The records with the famously sparse black and white graphics first started appearing in 1969, featuring stunningly expressive, if not exactly crowd-pleasing performances by jazz avant-garde artists including Keith Jarrett, Paul Bley and the Art Ensemble of Chicago. Fifteen years later, ECM founder Manfred Eicher debuted a new venture, ECM New Series, to introduce the music of Estonian composer Arvo Pärt. That album was Tabula Rasa, and with a single stroke, it ushered in a vital and hugely influential way of making new music in the post-serial environment. Since then, ECM New Series has championed many of the now well-regarded leaders of the emotive, post-Soviet music scene that Pärt belongs to, including György Kurtág, Valentin Silvestrov and Giya Kancheli. ECM also has an interest in American and Western European new music, but that thrust has been more in a supporting role than a leading one.
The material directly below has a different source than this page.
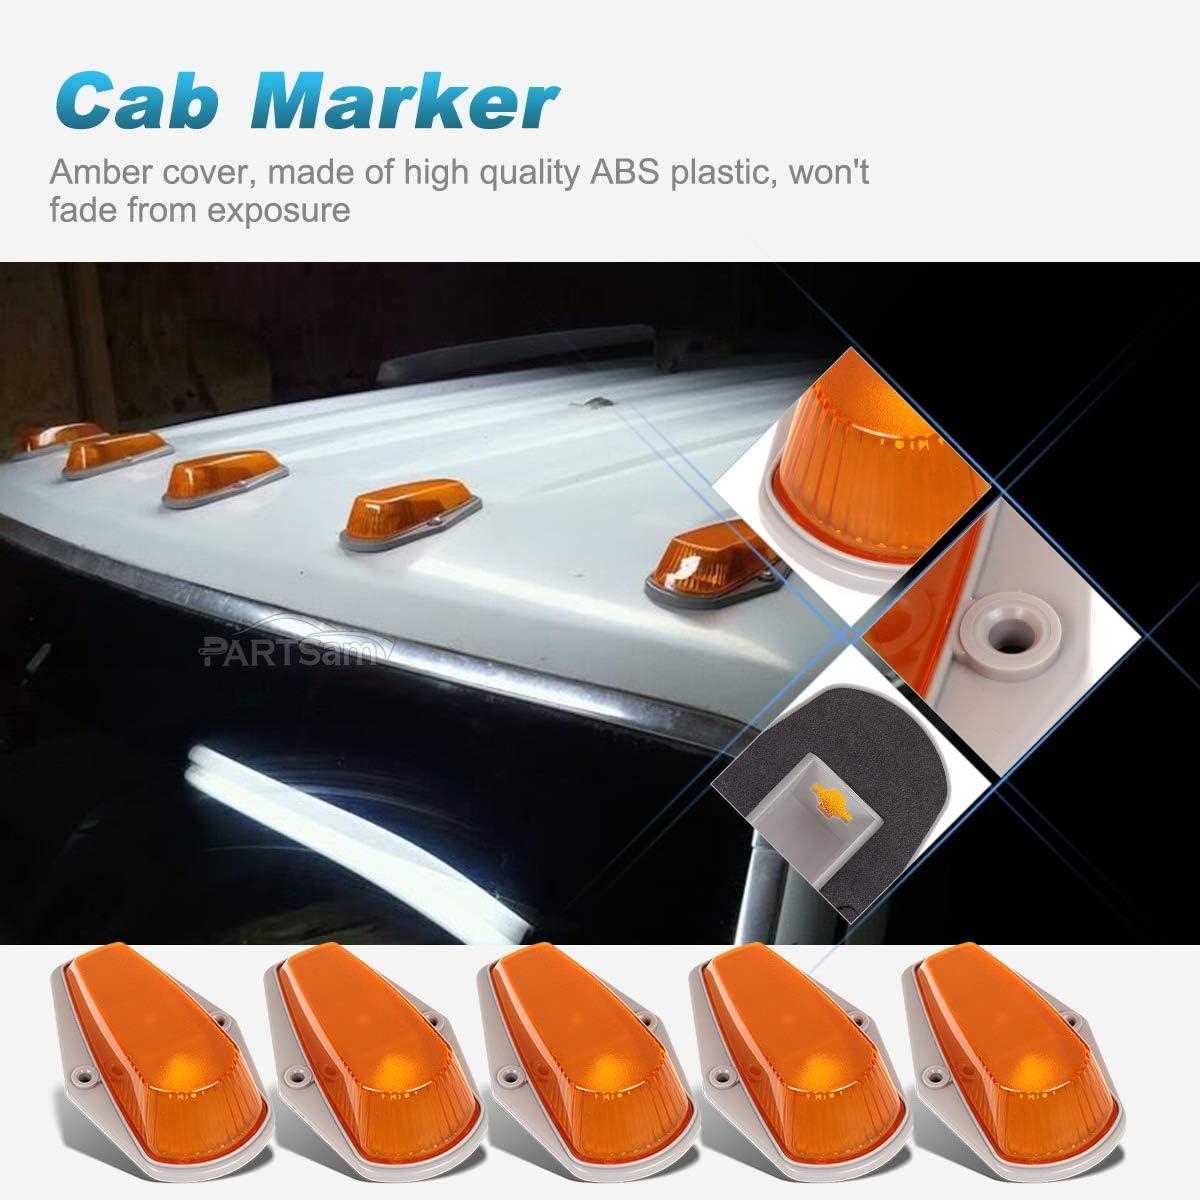 100W Halogen -Black Passenger side WITH install kit 6 inch 2011 Western Star LOWMAX Post mount spotlight

We are now at the 40-year anniversary of Edition of Contemporary Music, with well over 1,000 releases along the way, an inspirational landmark of a dedication to excellence and a faith in the marketplace to respond to such lofty values. At this juncture, there are three new CDs that nicely represent the cumulative impact of this label. There is, appropriately, a new Pärt release, In Principio. The music is no less powerful, on a basic level, than what was on that 1969 disc, but I do not hear anything new. Pärt seems to be caught in a time warp, applying old formulas to music that is merely labeled as new. The work of the late Alfred Schnittke is represented by the Symphony No. 9, a snapshot of the fascinatingly messy transition of the deeply troubled, yet enormously significant Communist-era cultural milieu into our present zeitgeist. And then there is Bach. Wither this anachronistic anomaly? Apparently, Manfred Eicher is a Bach freak, and who can blame him? The latest manifestation of his healthy obsession is a completely spellbinding performance of the Two and Three Part Inventions and the French Suite No. 5, played by pianist Till Fellner.
It would be naïve to suggest that the successful ECM run should be a model for the struggling giants of the recording industry. They have been designed to operate on a vastly larger scale, and must appeal to wide audiences. But there must be some lesson in the formula of finding superb artists to play intriguing and unusual music, recording it beautifully and putting it into elegant packages.